Savers are useless non-contributors. Not that there's anything wrong with saving, but economies of scale don't depend on it, and so there's no economic justification to encourage it.
You cannot be more wrong. Saving is simply deferred spending. It's spending later vs. spending now. You could argue that incentivizing spending over saving is transferring prosperity from the future to the present. In the end it's a zero sum.
More than that. Saving is required for capital formation. Many enterprises and much innovation depends upon capital formation. Without capital formation it is much closer to net zero-sum. With capital formation, it is more like win-win than it is without it.
Yup.
http://en.wikipedia.org/wiki/Savings_identityThe caveat is that not all investment is actually useful investment. For example, building up inventory of unsold goods is considered investment in accounting terms, even though the goods may not be wanted and may never be sold.
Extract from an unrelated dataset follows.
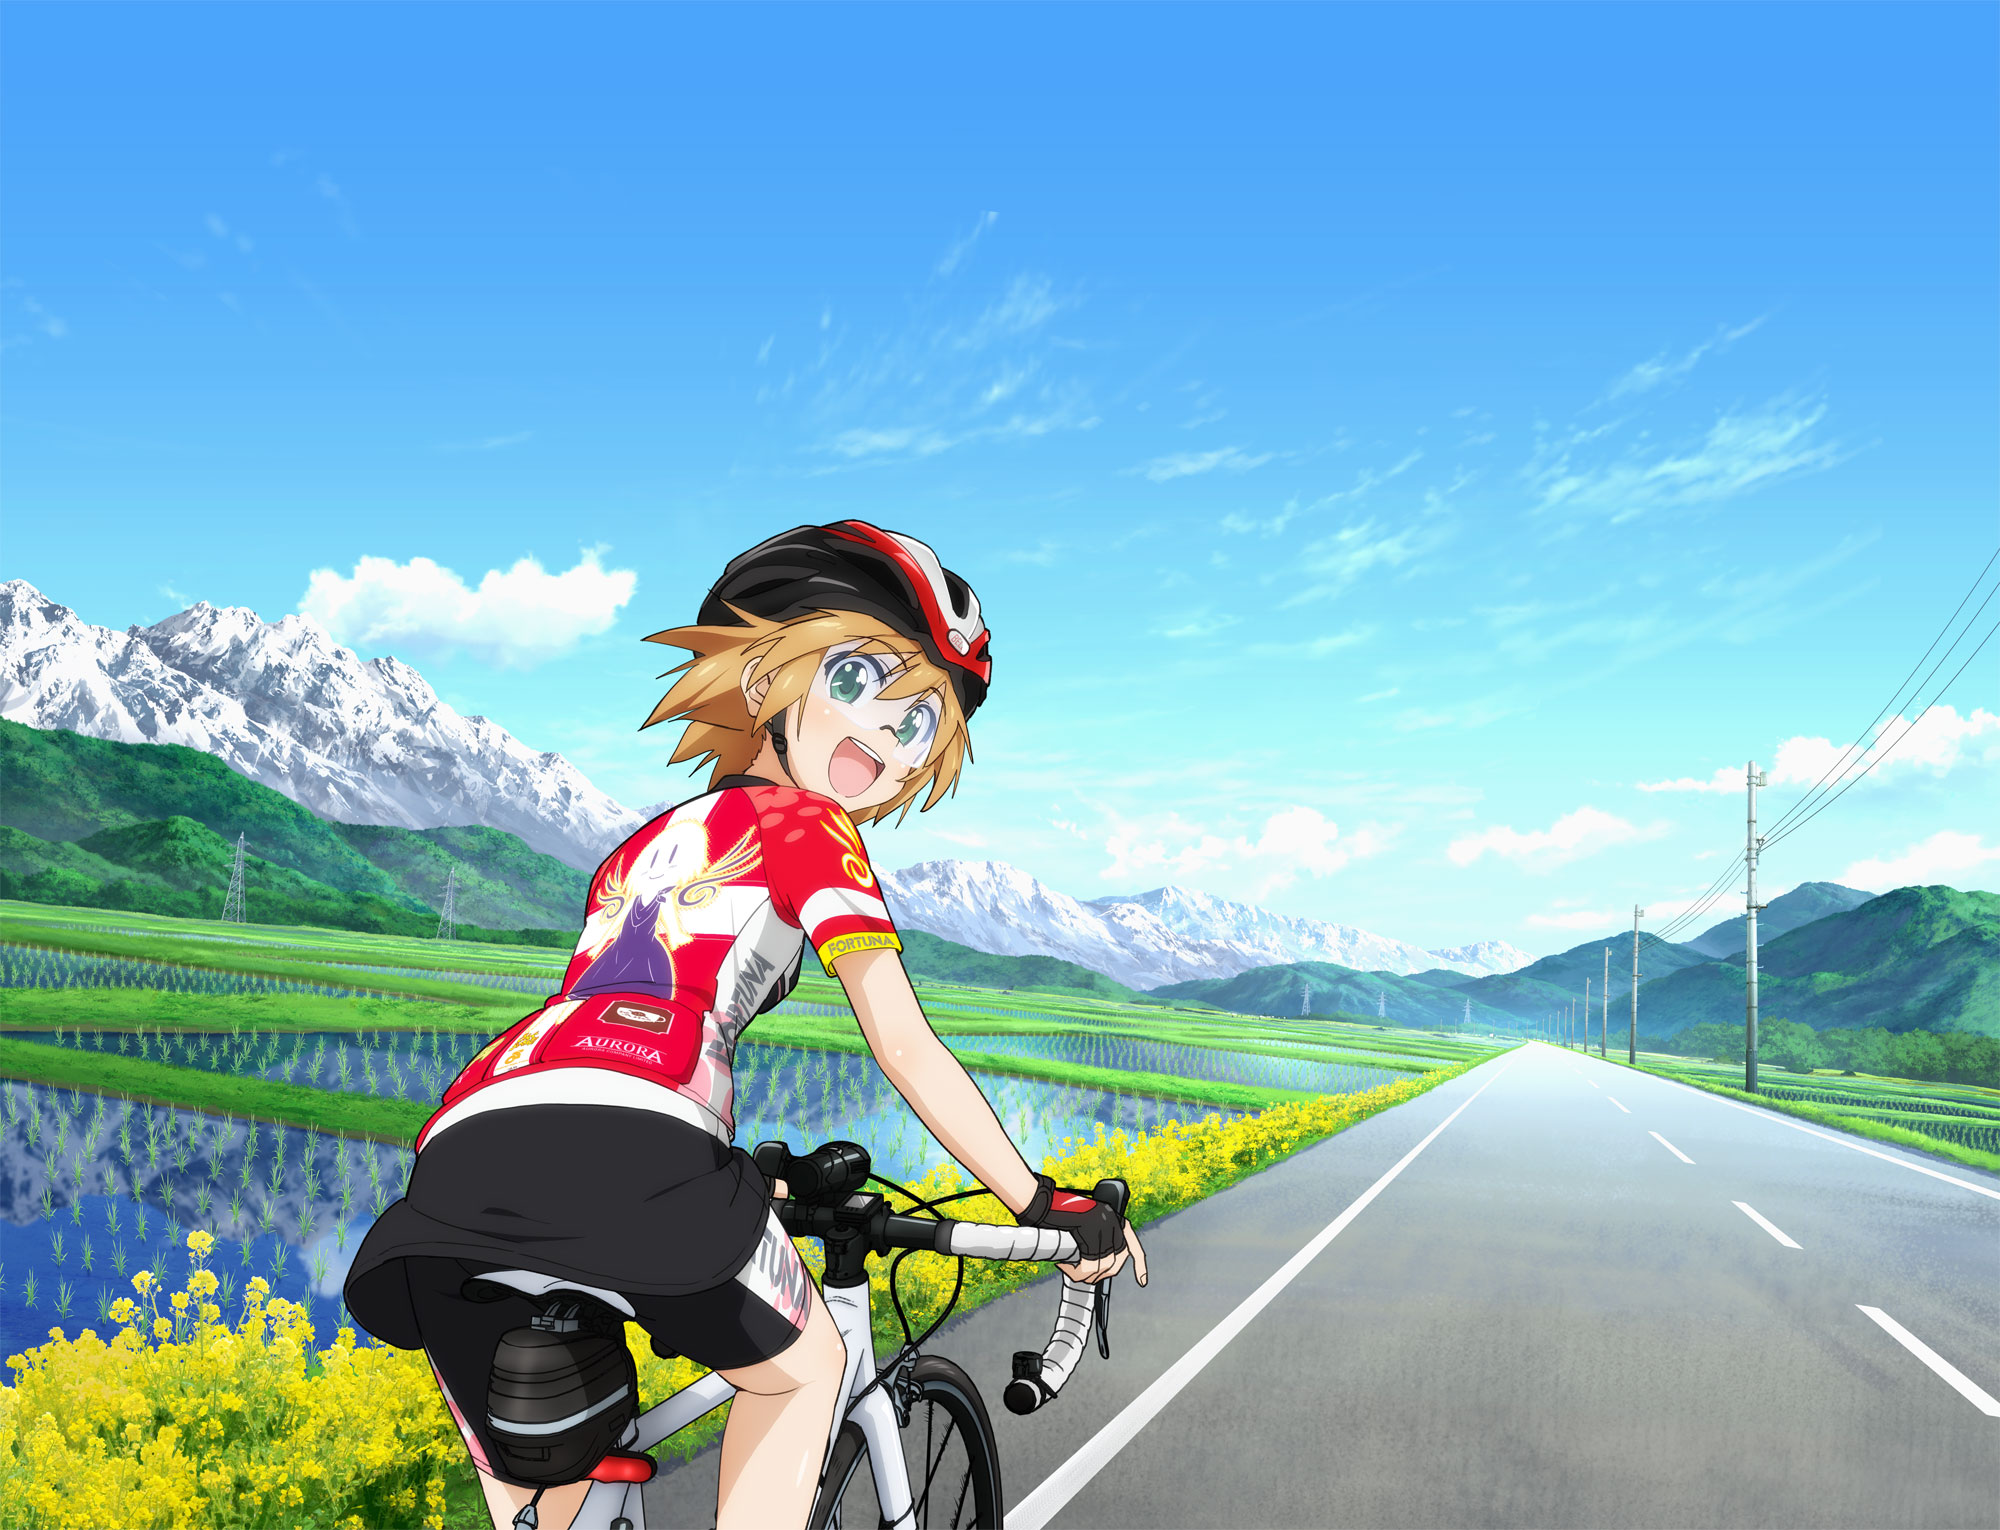 單車少女魅力滿載動畫 長騎美眉 將於16年秋季播放 Ani Channel
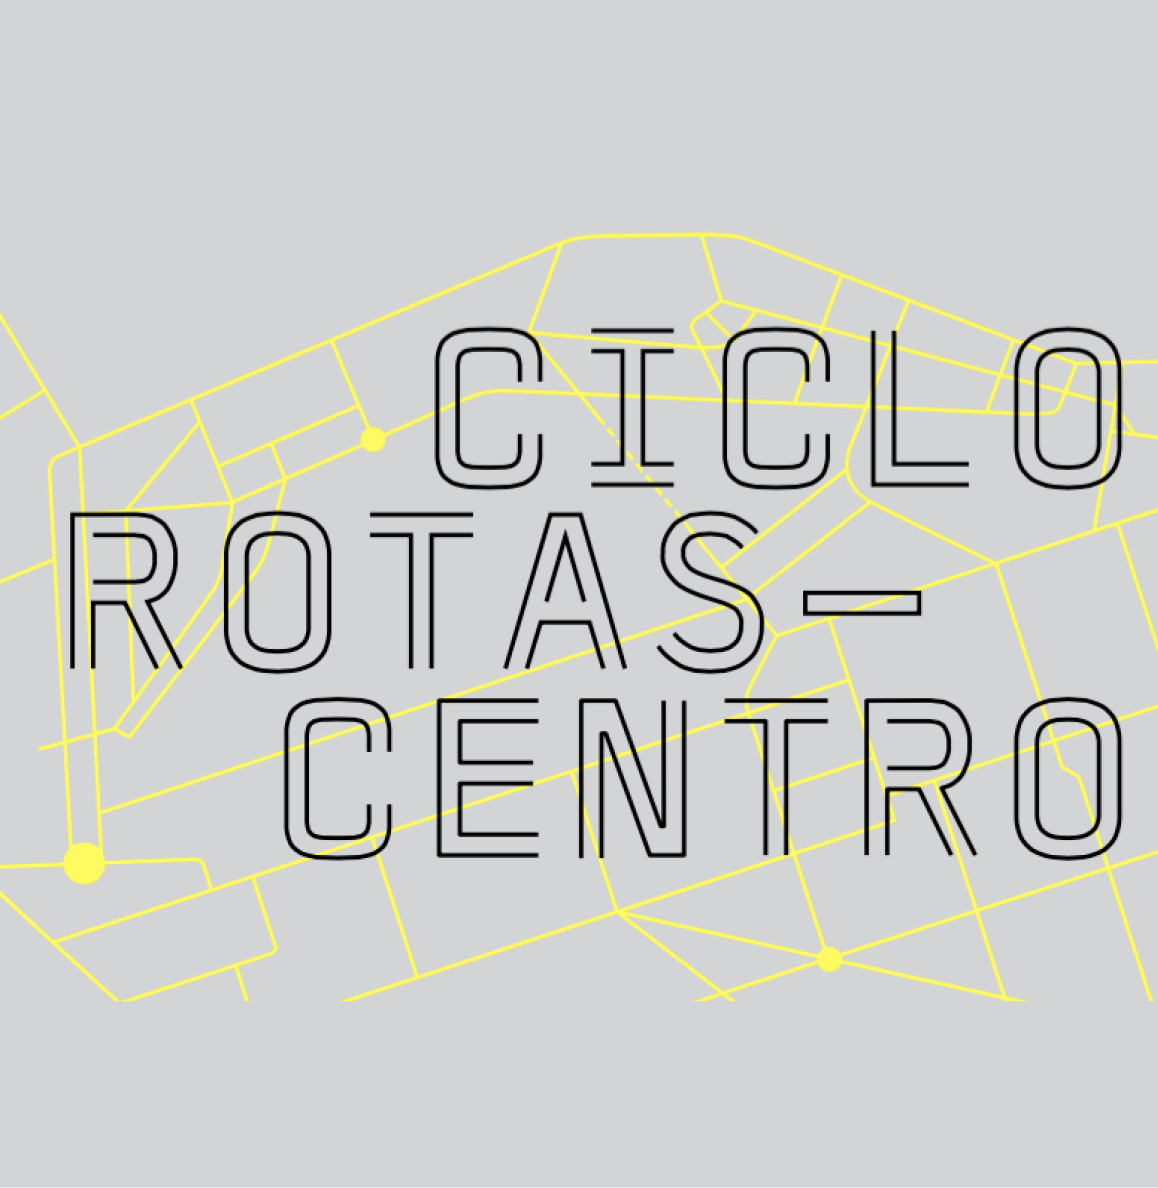 Ciclo Rotas Centro será um dos projetos brasileiros na Bienal de Arquitetura de Veneza

That said, you do need savings for there to be (good) investment.
Guys I'm not claiming that saving is unimportant. I'm talking about savings in the form of unspent currency. I was responding to hbadger's claim that inflation punishes savers. There are plenty of appreciable saving/investment vehicles that will result in greater long term yields.
Incentivizing saving in the currency itself, however, will only serve to kill its velocity. Economies of scale require a currency that
moves.
I hate to bring fiat into the argument, but despite all it's problems the U.S. dollar does a great job at supporting large-scale economies. Even with a 2.5% - 4% annual inflation (definitely not "saver friendly"), capital formation does not seem to be a problem. Go figure.